Being a sandbox game, Watch Dogs will inevitably be compared to the famous Grand Theft Auto series.
Even though Watch Dogs may not be as fun as the recent Grand Theft Auto V, it does add some new things to the sandbox genre and video gaming in general.
Watch Dogs sees you play as Aiden Pearce who is a hacker living in Chicago. Chicago is connected to a network called CtOS and Pearce is capable of using his smartphone to hack lots of things in the city.
Things take a turn for the worst when a hacking job goes wrong and someone seeks revenge on Pierce for bailing out by killing his family. Pierce then goes on a hunt to see who is responsible for his family's death.
Before I begin talking about the gameplay, I would say Aiden Pearce is not the most exciting main character in the world. He often grumbles and doesn't show too much emotion.
He doesn't show extreme grief like Joel did in The Last of Us. The only enjoyable character in Watch Dogs is his hitman partner Jordi Chin. He's the only person in the game to crack a smile and make jokes.
In terms of gameplay, Watch Dogs takes heavy inspiration from Grand Theft Auto IV and the recent Splinter Cell games. I say Grand Theft Auto IV as that game was more serious and grounded than the other games in the series. Watch Dogs too takes a more realistic approach and keeps the humor to a minimum.
The main campaign missions in Watch Dogs are similar to Grand Theft Auto IV in a lot of ways too. Most of the missions see you taking out lots of bad guys in their hideouts, or chasing them on foot or in a car.
Sometimes the missions get repetitive since they all play out the same. Still, Watch Dogs has a few things up its sleeve to make things a little more interesting.
The hacking dynamic is by far the best feature of the entire game. Aiden can hack into lots of things in the city to troll his enemies. He can hack the traffic lights to stop pursuing cars and can even disable helicopters.
He can also explode enemy smartphones and hack into any surveillance camera and more. The hacking is what makes this game innovative as it adds a whole new dynamic to the action gaming genre in general.
Combat in Watch Dogs borrows a lot of elements from Splinter Cell Conviction and Blacklist. It's pretty cool how you can choose to take out enemies stealthily instead of going in all guns blazing. If you choose to go loud, enemies will call reinforcements which will make life even harder for you.
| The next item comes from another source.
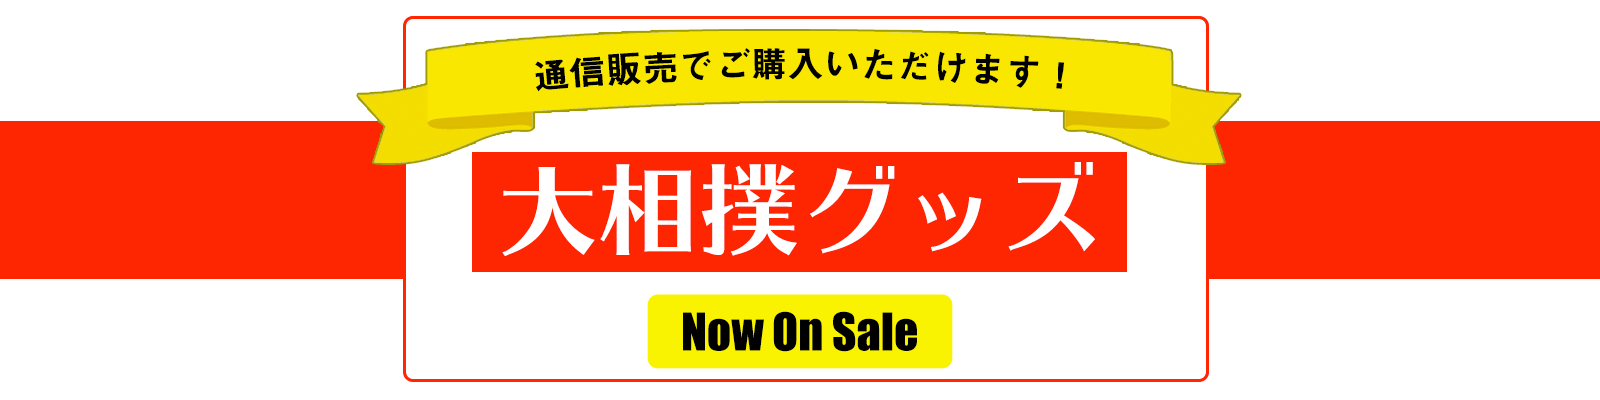 大相撲グッズ - 日本相撲協会公式サイト

Driving around Chicago is also pretty cool to do in Watch Dogs. My favorite thing to do is listen to the radio while driving in the game's cockpit mode. It sometimes feels like you're driving in real life with all the traffic and all. The music in the game is decent, although its playlist is pretty small compared to any of the GTA series.
Graphically, Watch Dogs looks decent especially on the PS4. The game may not look as good as it was first revealed at E3 two years ago, but the graphical downgrade isn't as bad as I initially thought.
Apart from the loading time at the start, there is rarely any loading screens once you play the game and I didn't encounter much glitches roaming around the city either.
Overall, Watch Dogs is a decent game that tries its best to be different from the Grand Theft Auto series. The gameplay can get repetitive at times, but the hacking system is what makes it feel fresh and not so boring.